CHAPTER 3 GLOBAL MODELS OF MEAN SEA SURFACE AND GRAVITY

3.5 Computation and Analysis of Global Gravity Anomaly Model

To evaluate the accuracy of the NCTU01 gravity grid, we made comparison between the predicted and shipborne gravity anomalies in 12 areas in the world oceans (see Table 3.1 for the boundaries). These shipborne gravity data are from the National Geophysical Data Center. The corresponding ship tracks are shown in Figure 3.4. The 12 areas are so selected that deep and shallow waters, and low and high latitudes are covered in the comparison. The comparing procedure and the adjustment of shipborne gravity data were detailed in Hwang et al. (1998). Briefly, long wavelength biases in the shipborne gravity anomalies were first adjusted using altimetry-derived gravity anomalies. A pointwise comparison was then made for the adjusted shipborne gravity anomalies. Table 3.4 shows the result of the comparison.

In Table 3.4, the gravity grid from Hwang et al. (1998) is also compared. It has been shown that the gravity grid of Hwang et al. (1998) has a better accuracy than that of Sandwell and Smith’s (1997). As shown in Table 3.4, the accuracy of the current gravity grid has indeed improved over the gravity grid of Hwang et al. (1998). The improvement is most dramatic in the deep oceans such as the East Pacific Rise. In the Caribbean Sea, the improvement is also significant. Other areas with significant improvements are the Ross Sea and Kerguelen Plateau, which are situated in the Antarctica. In general, large difference between predicted and shipborne gravity anomalies may be due to either or both of the following reasons: (1) bad altimeter data quality, including data scarcity, and (2) large gravity signatures, for example, in areas with trenches and seamounts. The largest difference in the Fiji Plateau and then the Mediterranean Sea should be attributed to the first reason.
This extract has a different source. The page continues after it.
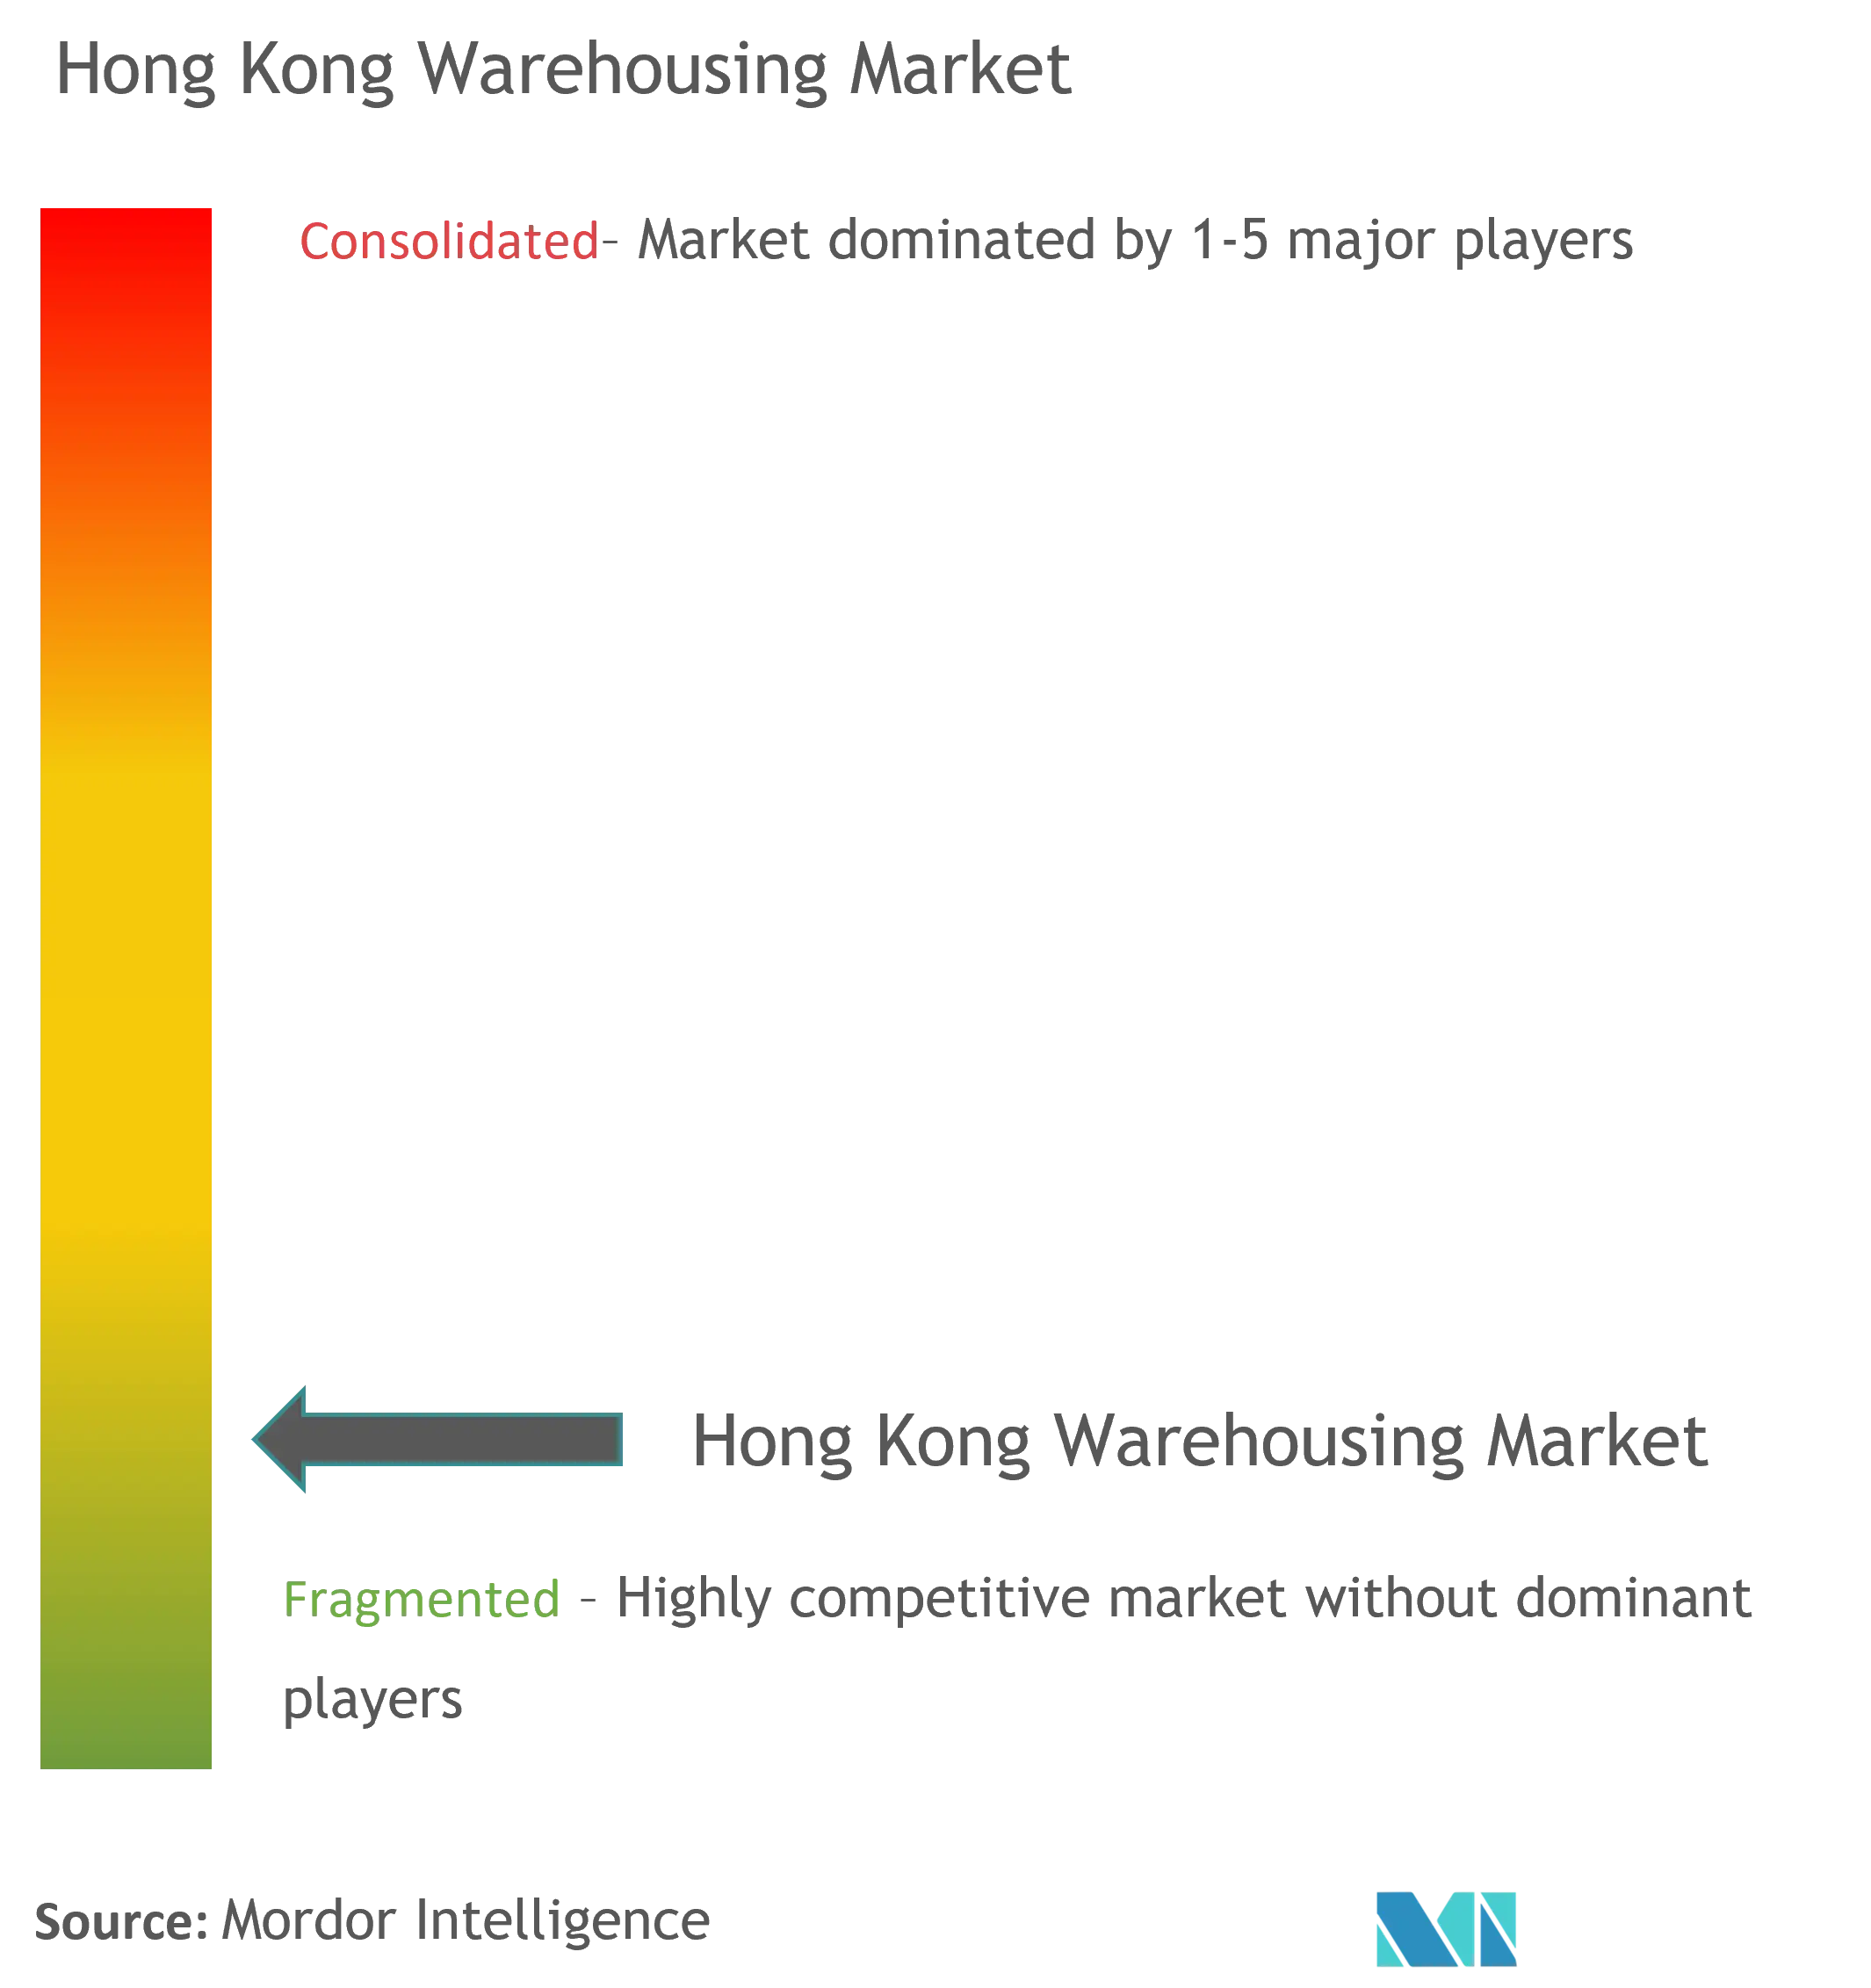 Hong Kong Warehousing Market Concentration

Due to possibly bad

tide correction and contamination of altimeter waveforms by land mass and reefs, the predicted gravity anomalies in the Fiji Plateau are not expected to be in good quality.
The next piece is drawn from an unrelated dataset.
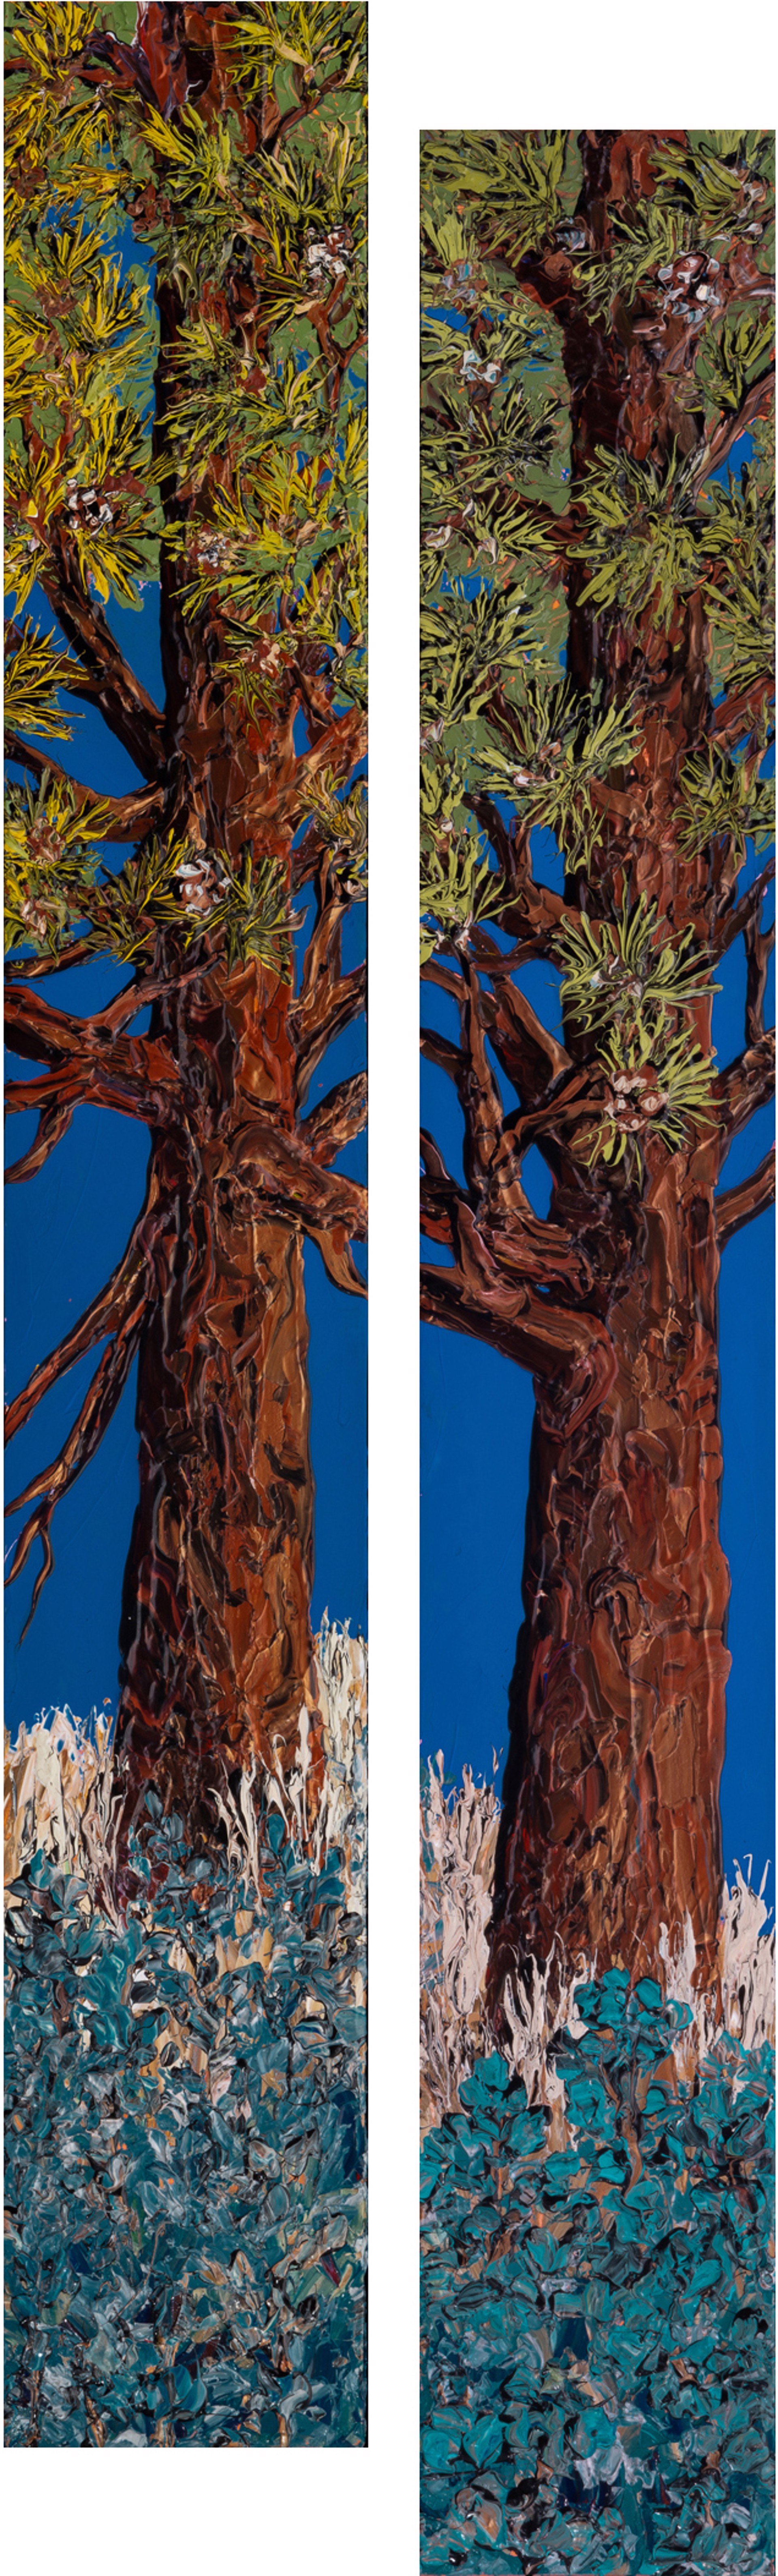 Piñon Pine #1 & #2 by Sue Averell

A recent detailed analysis of errors in altimeter-derived gravity anomalies is given by Trimmer et al. (2001). To have a dramatic improvement of gravity accuracy in such an area, a better tide model and improved determination of SSH by retracking altimeter waveforms will be needed. Improved SSHs by wave retracking have been reported in, e.g., Anzenhofer and Shum (2001), Deng et al. (2001), and Fairhead and Green (2001).

Figure 3.4: Distributions of shipborne gravity anomalies in the 12 areas where the NCTU01 gravity anomaly grid is evaluated.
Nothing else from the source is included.